The header of the trace file gives me inormation about the platform and session/module :
Trace file /u01/app/oracle/diag/rdbms/orcl/orcl/trace/orcl_ora_3039.trc Oracle Database 11g Enterprise Edition Release 11.2.0.4.0 - 64bit Production With the Partitioning, OLAP, Data Mining and Real Application Testing options ORACLE_HOME = /u01/app/oracle/product/11.2.0/orcl System name: Linux Node name: ora11204 Release: 2.6.39-400.17.1.el6uek.x86_64 Version: #1 SMP Fri Feb 22 18:16:18 PST 2013 Machine: x86_64 Instance name: orcl Redo thread mounted by this instance: 1 Oracle process number: 27 Unix process pid: 3039, image: oracle@ora11204 (TNS V1-V3) *** 2015-10-28 22:19:42.291 *** SESSION ID:(141.7) 2015-10-28 22:19:42.291 *** CLIENT ID:() 2015-10-28 22:19:42.291 *** SERVICE NAME:(SYS$USERS) 2015-10-28 22:19:42.291 *** MODULE NAME:(SQL*Plus) 2015-10-28 22:19:42.291 *** ACTION NAME:() 2015-10-28 22:19:42.291
The trace file tells me that I am running 64bit Oracle 11.2.0.4 on a speciic Linux (UEK) kernel on a host called "ora11204". This is useful information if I have to provide the trace file to Oracle Support. (True, it doesn't list all the Oracle patches that may have been applied).
It then identifies my Service Name and Module (and Action if I had set it with DBMS_APPLICATION_INFO).
Next, the trace file tells me when and how I have enabled tracing.
PARSING IN CURSOR #140174891232936 len=73 dep=0 uid=43 oct=47 lid=43 tim=1446041982290677 hv=3228613492 ad='99446cc8' sqlid='dc03x7r071fvn' BEGIN DBMS_SESSION.SESSION_TRACE_ENABLE(waits=>TRUE,binds=>FALSE); END; END OF STMT EXEC #140174891232936:c=1000,e=31608,p=0,cr=0,cu=0,mis=1,r=1,dep=0,og=1,plh=0,tim=1446041982290670 WAIT #140174891232936: nam='SQL*Net message to client' ela= 4 driver id=1650815232 #bytes=1 p3=0 obj#=13246 tim=1446041982291265
It tells me that I have used DBMS_SESSION to enable tracing.
That cursor is then closed.
*** 2015-10-28 22:19:53.745 WAIT #140174891232936: nam='SQL*Net message from client' ela= 11453710 driver id=1650815232 #bytes=1 p3=0 obj#=13246 tim=1446041993745004 CLOSE #140174891232936:c=0,e=38,dep=0,type=0,tim=1446041993745175
We can identify the CURSOR Number (140174891232936-- this numbering format was introduced in 11g, if I am correct) that was closed.

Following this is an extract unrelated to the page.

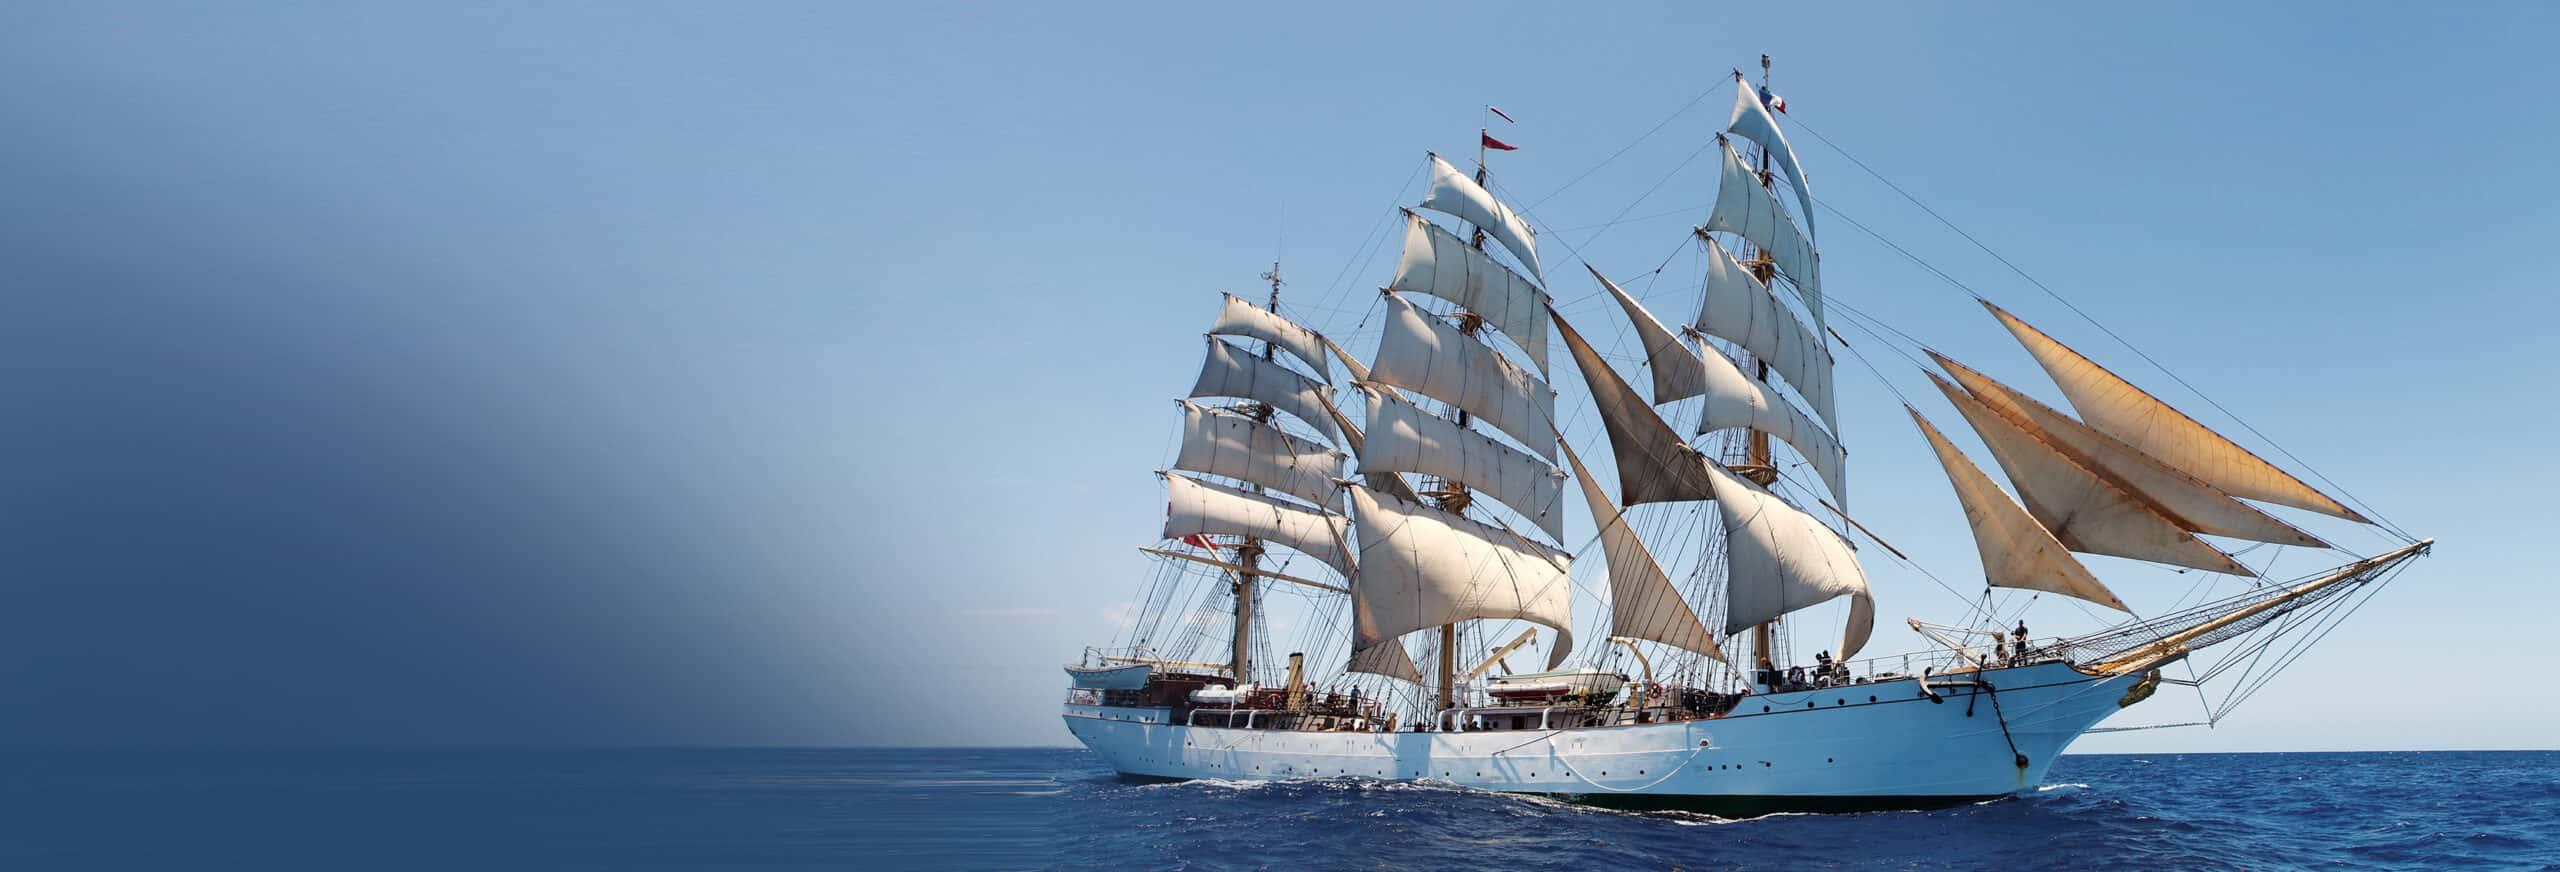 Sejlskib anvendes i uddannelsen

This number is NOT the SQL_ID (which is dc03x7r071fvn -- yes even PLSQL blocks and procedures have SQL_IDs). This number is NOT the SQL Hash Value either (the SQL Hash Value is present as hv=3228613492).
After that we start seeing the recursive (SYS) calls executed during the parsing of the actual user query (the query on EMPLOYEES).
PARSING IN CURSOR #140174891988920 len=202 dep=1 uid=0 oct=3 lid=0 tim=1446041993745737 hv=3819099649 ad='997c03e0' sqlid='3nkd3g3ju5ph1' select obj#,type#,ctime,mtime,stime, status, dataobj#, flags, oid$, spare1, spare2 from obj$ where owner#=:1 and name=:2 and namespace=:3 and remoteowner is null and linkname is null and subname is null END OF STMT EXEC #140174891988920:c=0,e=50,p=0,cr=0,cu=0,mis=0,r=0,dep=1,og=4,plh=2853959010,tim=1446041993745733 FETCH #140174891988920:c=999,e=88,p=0,cr=3,cu=0,mis=0,r=1,dep=1,og=4,plh=2853959010,tim=1446041993745957 CLOSE #140174891988920:c=0,e=11,dep=1,type=3,tim=1446041993746025 ===================== PARSING IN CURSOR #140174891955728 len=493 dep=1 uid=0 oct=3 lid=0 tim=1446041993746138 hv=2584065658 ad='997a6590' sqlid='1gu8t96d0bdmu' select t.ts#,t.file#,t.block#,nvl(t.bobj#,0),nvl(t.tab#,0),t.intcols,nvl(t.clucols,0),t.audit$,t.flags,t.pctfree$,t.pctused$,t.initrans,t.maxtrans,t.rowcnt,t.blkcnt,t.empcnt,t.avgspc,t.chncnt,t.avgrln,t.analyzetime,t.samplesize,t.cols,t.property,nvl(t.degree,1),nvl(t.instances,1),t.avgspc_flb,t.flbcnt,t.kernelcols,nvl(t.trigflag, 0),nvl(t.spare1,0),nvl(t.spare2,0),t.spare4,t.spare6,ts.cachedblk,ts.cachehit,ts.logicalread from tab$ t, tab_stats$ ts where t.obj#= :1 and t.obj# = ts.obj# (+) END OF STMT EXEC #140174891955728:c=0,e=30,p=0,cr=0,cu=0,mis=0,r=0,dep=1,og=4,plh=3526770254,tim=1446041993746134 FETCH #140174891955728:c=0,e=53,p=0,cr=4,cu=0,mis=0,r=1,dep=1,og=4,plh=3526770254,tim=1446041993746225 CLOSE #140174891955728:c=0,e=8,dep=1,type=3,tim=1446041993746254
I have shown only the first two recursive calls. These are identified by "dep=1" (the parent call by the user we shall see is at depth level 0) and also by uid=0, lid=0 (schema id and privilege userid being 0 for SYS). len=493 is the length of the SQL statement.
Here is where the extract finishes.